*Dataset extract:*

%%

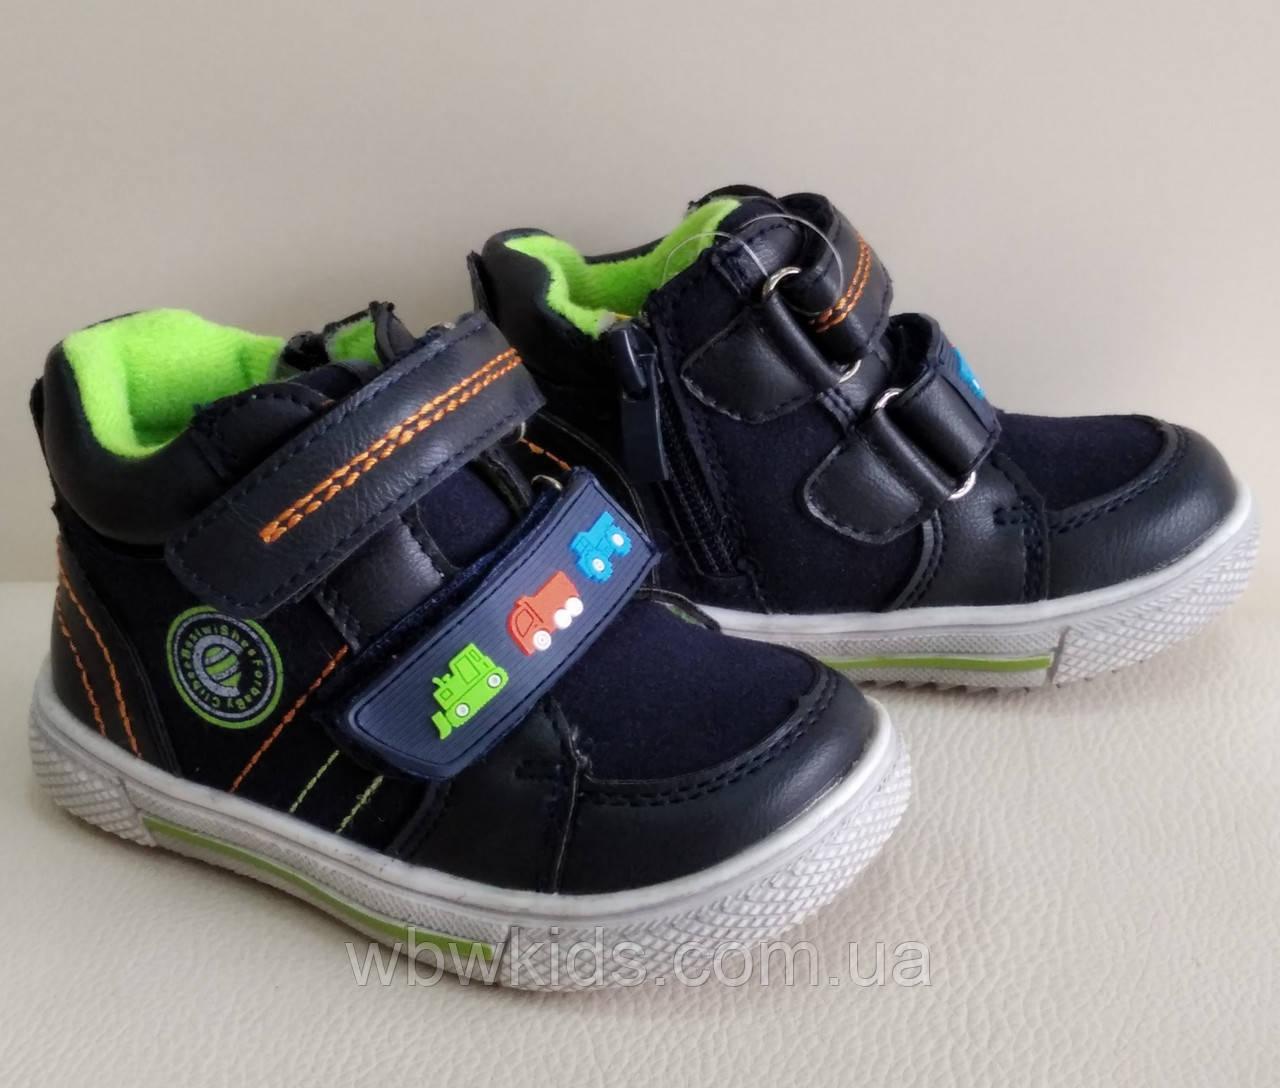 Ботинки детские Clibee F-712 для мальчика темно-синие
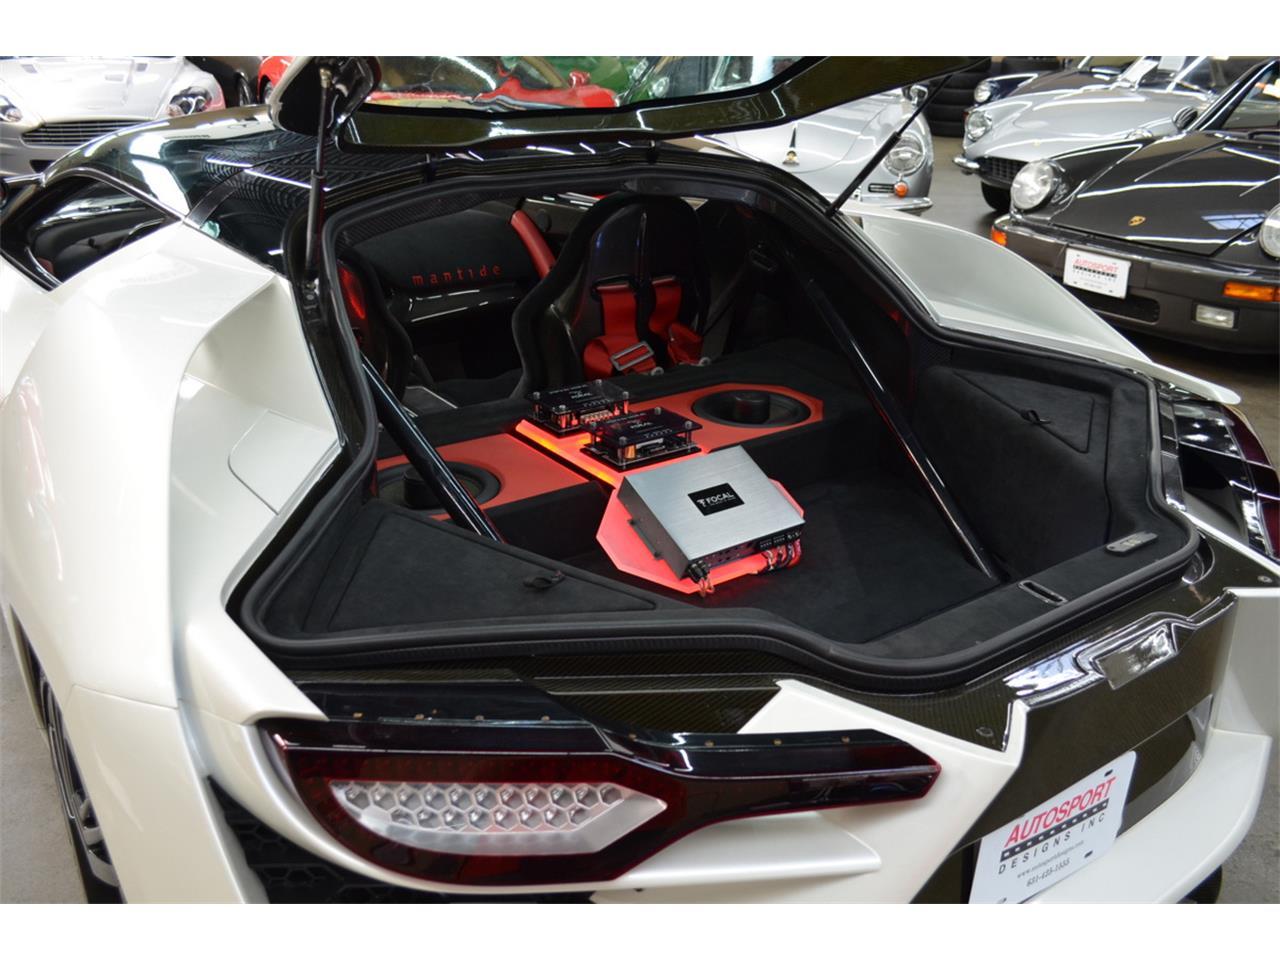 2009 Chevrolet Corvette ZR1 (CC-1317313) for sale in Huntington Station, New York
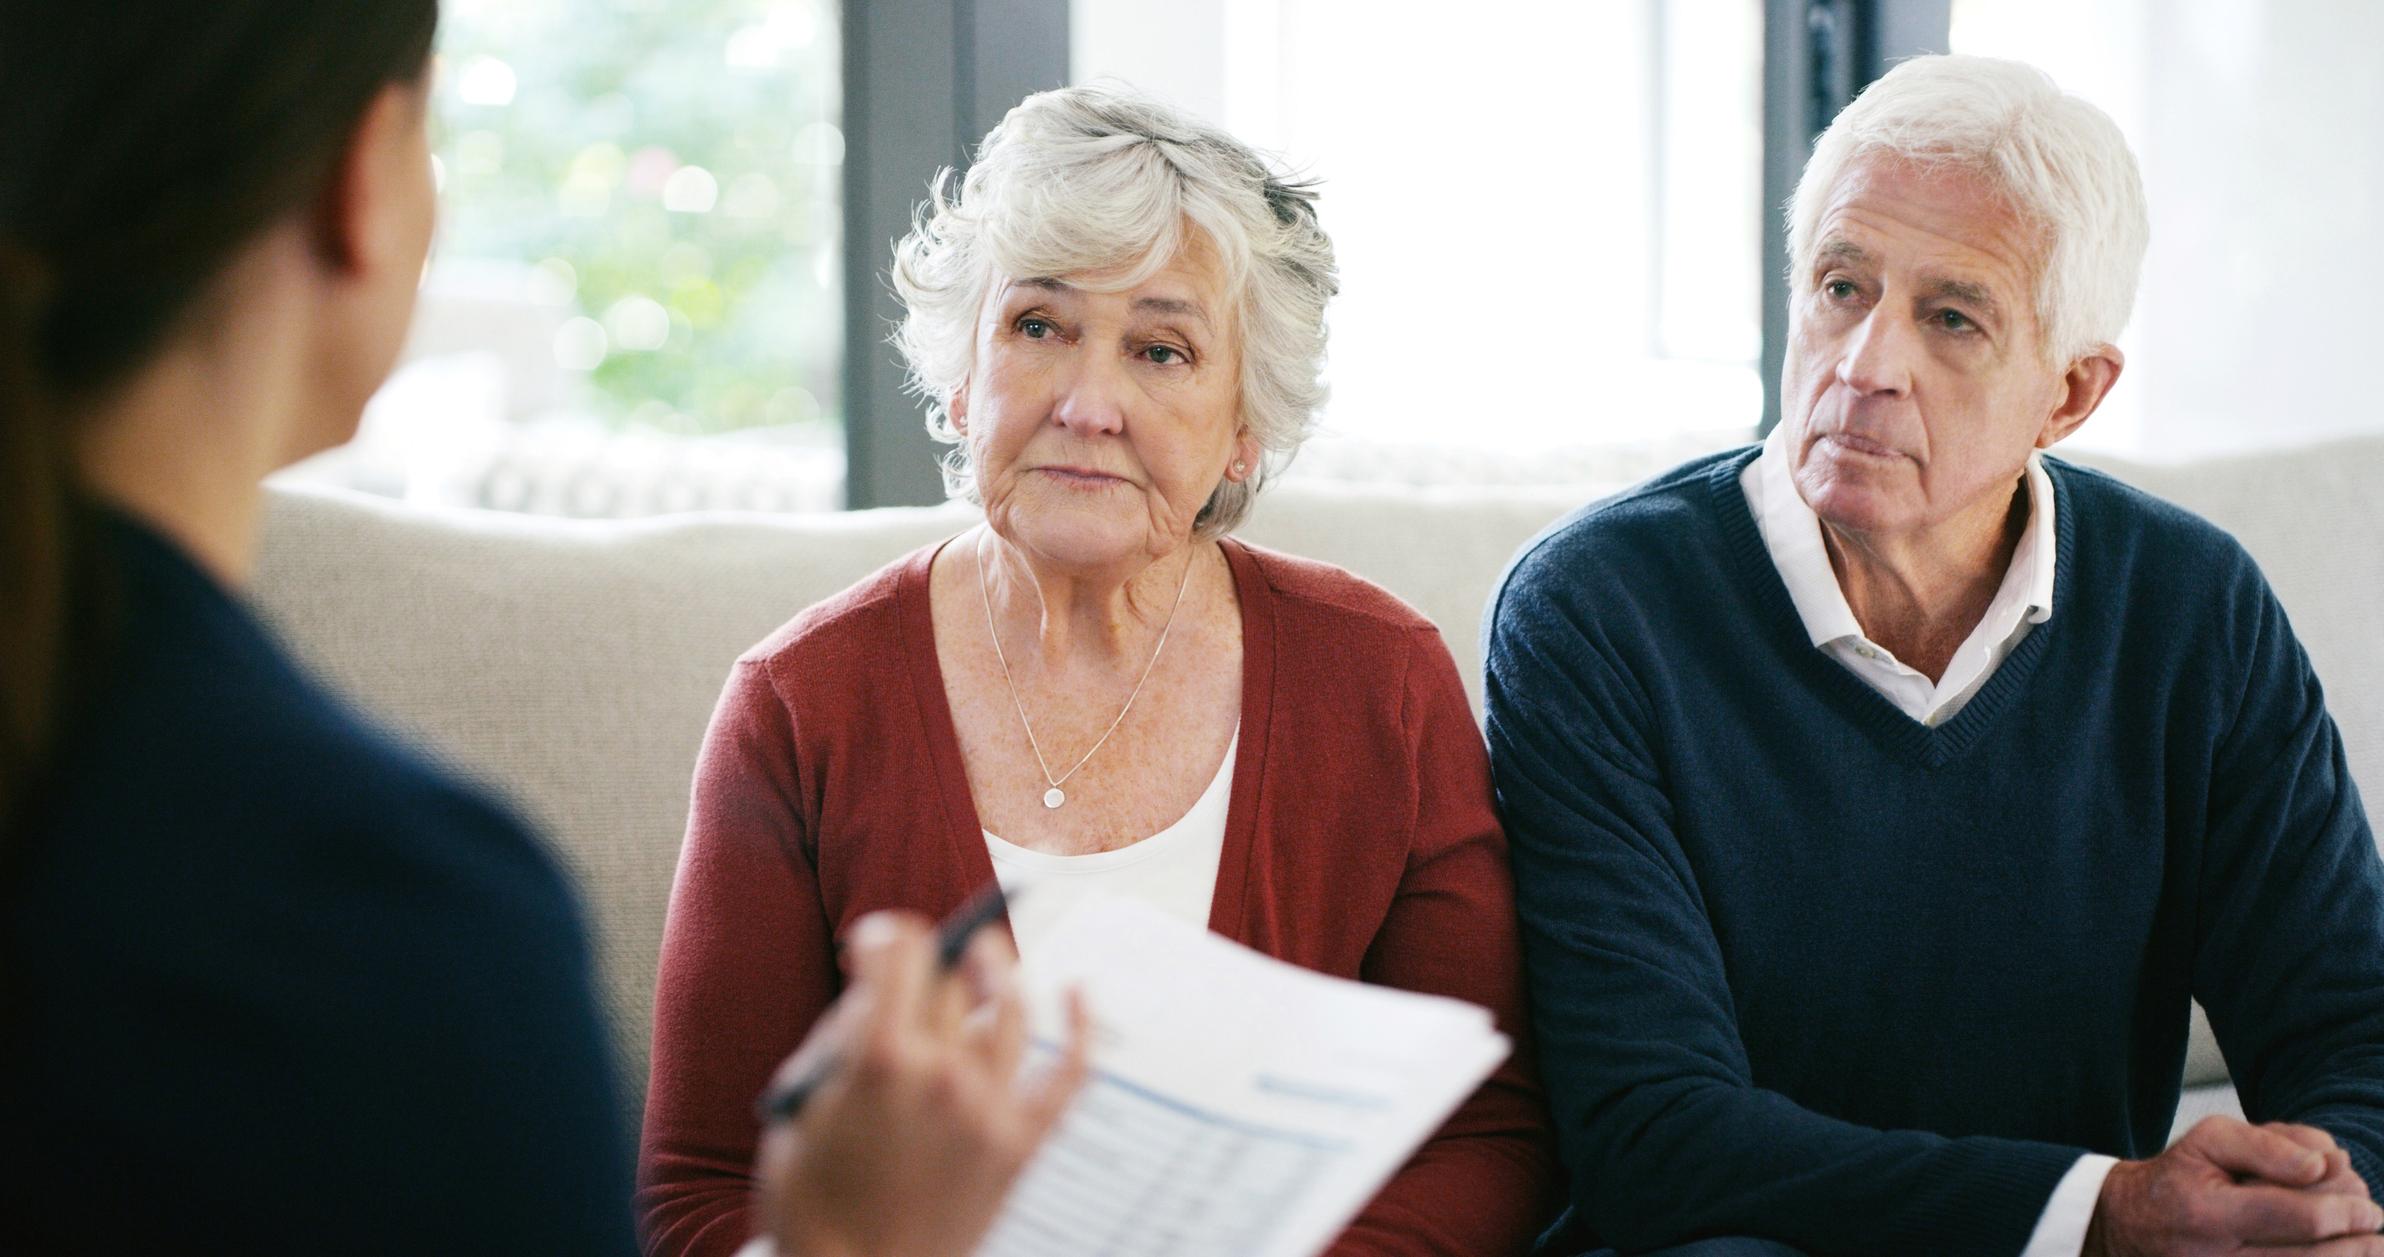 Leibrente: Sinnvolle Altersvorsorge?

%%

Everything in the data except the pictures should be restated word for word.

*Result of the task:*
 Ботинки детские Clibee F-712 для мальчика темно-синие
 2009 Chevrolet Corvette ZR1 (CC-1317313) for sale in Huntington Station, New York
 Leibrente: Sinnvolle Altersvorsorge?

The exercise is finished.